In a communications system, data is formatted onto a carrier signal and transmitted by a transmitter. After the signal travels through some intervening medium, it is received and decoded by the receiver. Ideally, the waveform of the data would remain unchanged during the communications process. In practice, however, the waveform is distorted and corrupted by its passage both through the electronic circuitry of the transmitter and the receiver, and through the medium. An important feature of the receiver is the processing of the received signal to determine the actual content of the data even though the transmitting signal has become distorted and corrupted during the transmission and reception process.
For example, in a typical satellite communications system a data signal is created at one location on the earth, encoded onto a radio signal, and transmitted to a satellite in synchronous orbit above the earth. The satellite retransmits the received signal to another location on the earth, where it is received and demodulated. The data-carrying signal passes through several electronic systems, as much as 44,000 miles of free space, and twice through the atmosphere, and in all of these portions of the transmission it is subject to external interference and distortions.
Historically, the signal has been transmitted and processed entirely by analog techniques. More recently, digital signal processing techniques are being adopted because they permit more precise determination of the data content of the signal. In digital signal processing, the receiver has a conventional analog tuner that receives and shifts the signal to a lower frequency. The receiver thereafter samples the received analog signal to form a digital pulse train or signal. The digitized signal is further processed to extract the data content.

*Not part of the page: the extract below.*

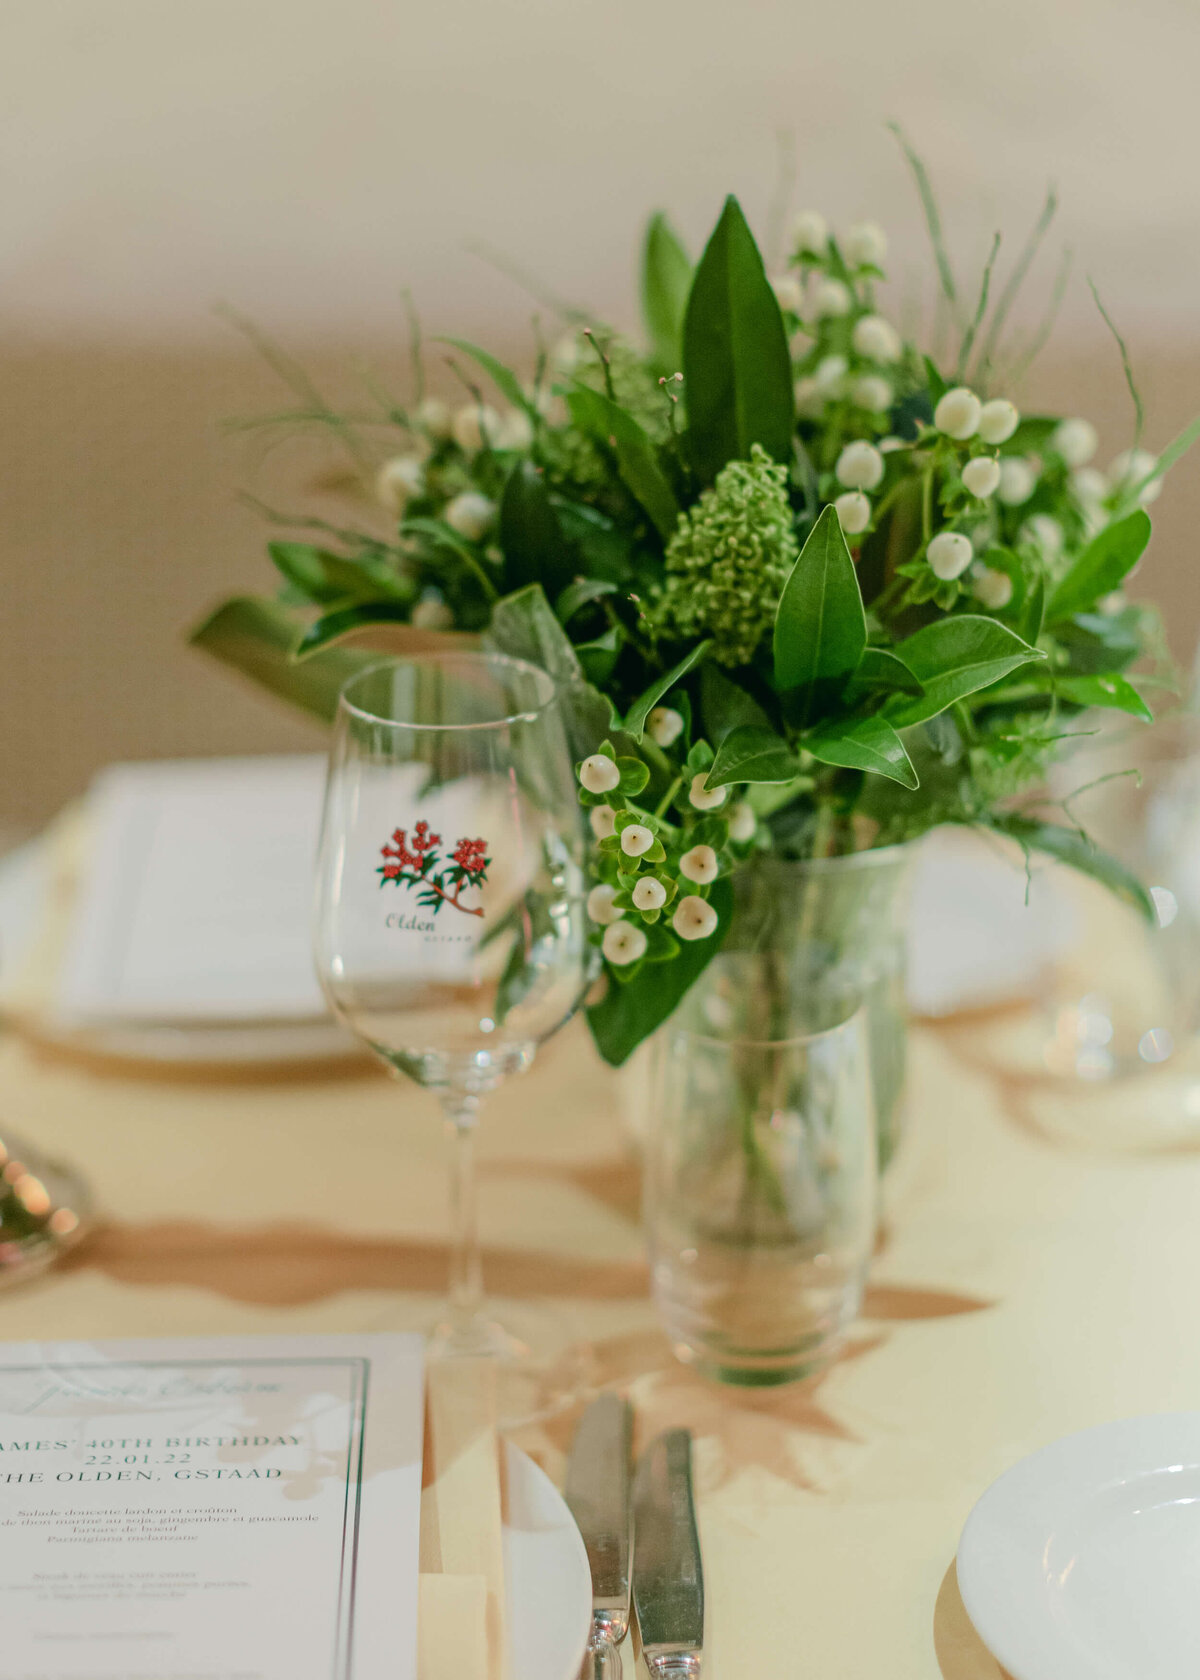 chloe-winstanley-events-gstaad-hotel-olden-table-flowers
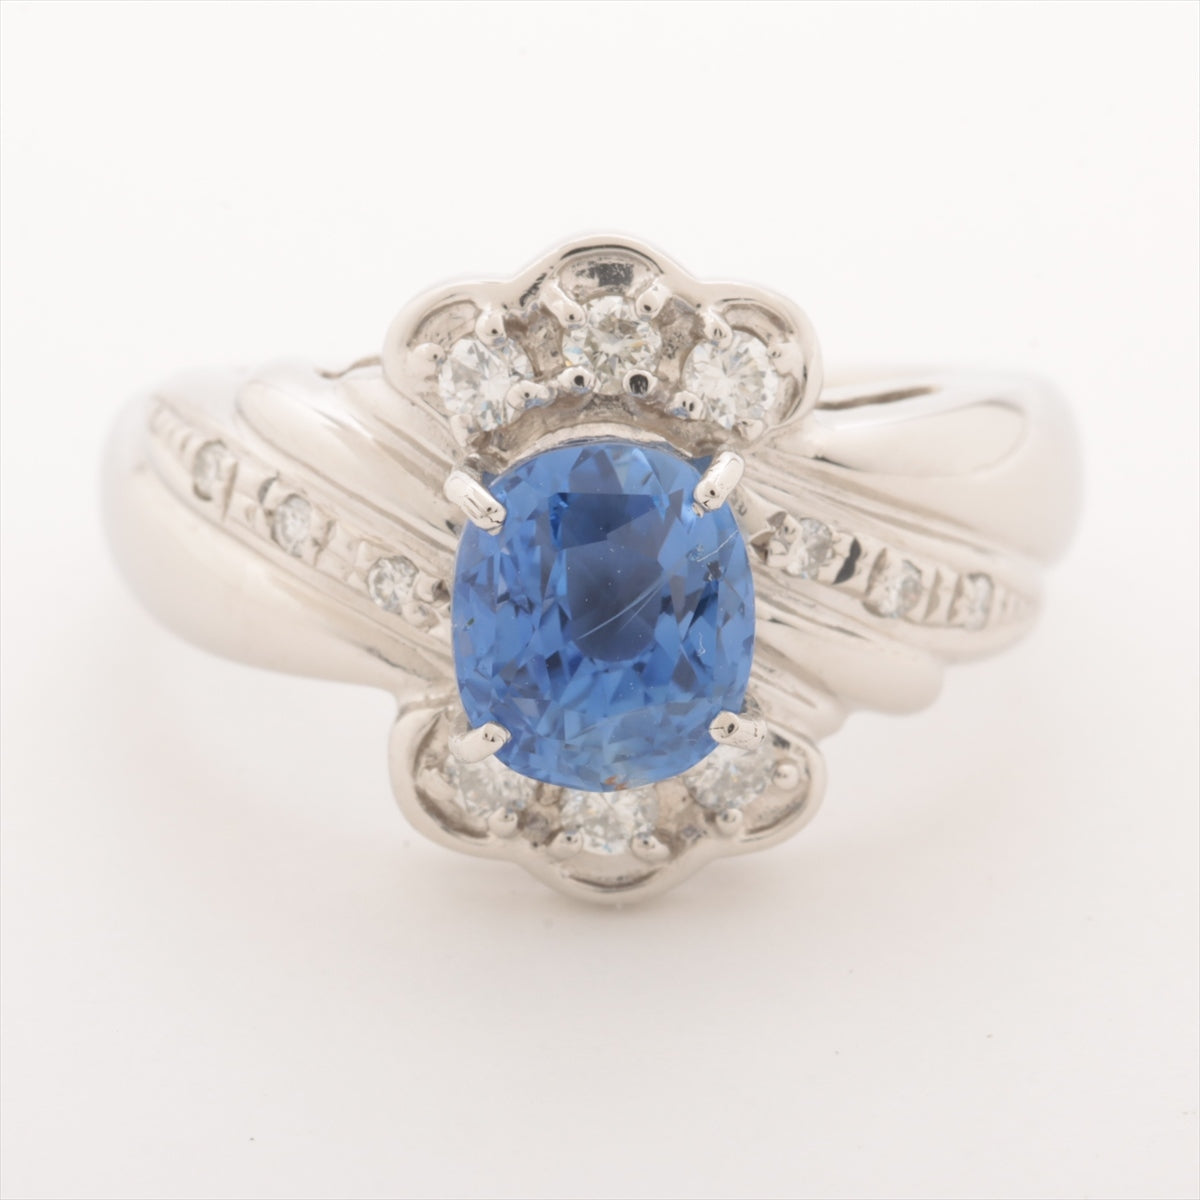 Sapphire diamond rings Pt900 8.9g 2.48 0.22 Untreated cornflower blue

This known approach works well for the condition that the transmitted signal has a fixed data rate known to the receiver, which permits the receiver to be configured for the characteristics of the known transmitted signal. In other instances, however, it is desirable to vary the data rate of the transmitter for various reasons. For example, a single satellite channel may be used to carry many different types of data signals, some of which are transmitted at a high data rate and some of which are transmitted at a low data rate. In another example, if the satellite channel carries a compressed video signal, it may be desirable to vary the data rate depending upon the type of programming being carried. A video feed of a conference could be transmitted at a lower data rate than a video feed of a sports event, for example, due to the differences in the speed of the action.
Several problems arise in complex communications systems having multiple channels, where the data rate is variable in each channel. As the data rate of the signal in a channel changes, the sampling rate of the sampler in the receiver must change in order to satisfy the Nyquist sampling criterion. The sampler is normally synchronized to the data rate, and its sampling rate changes to track changes in the data rate. However, for other reasons it is strongly preferred not to change the sampling rate in an arbitrary fashion so as to accommodate changes in the data rate. A second problem is that it is difficult to achieve initial acquisition of the data of the received information, when the channel is first activated.
There is a need for a digital receiver system that is operable at variable rates, particularly in a multichannel communications system. The present invention fulfills this need, and further provides related advantages.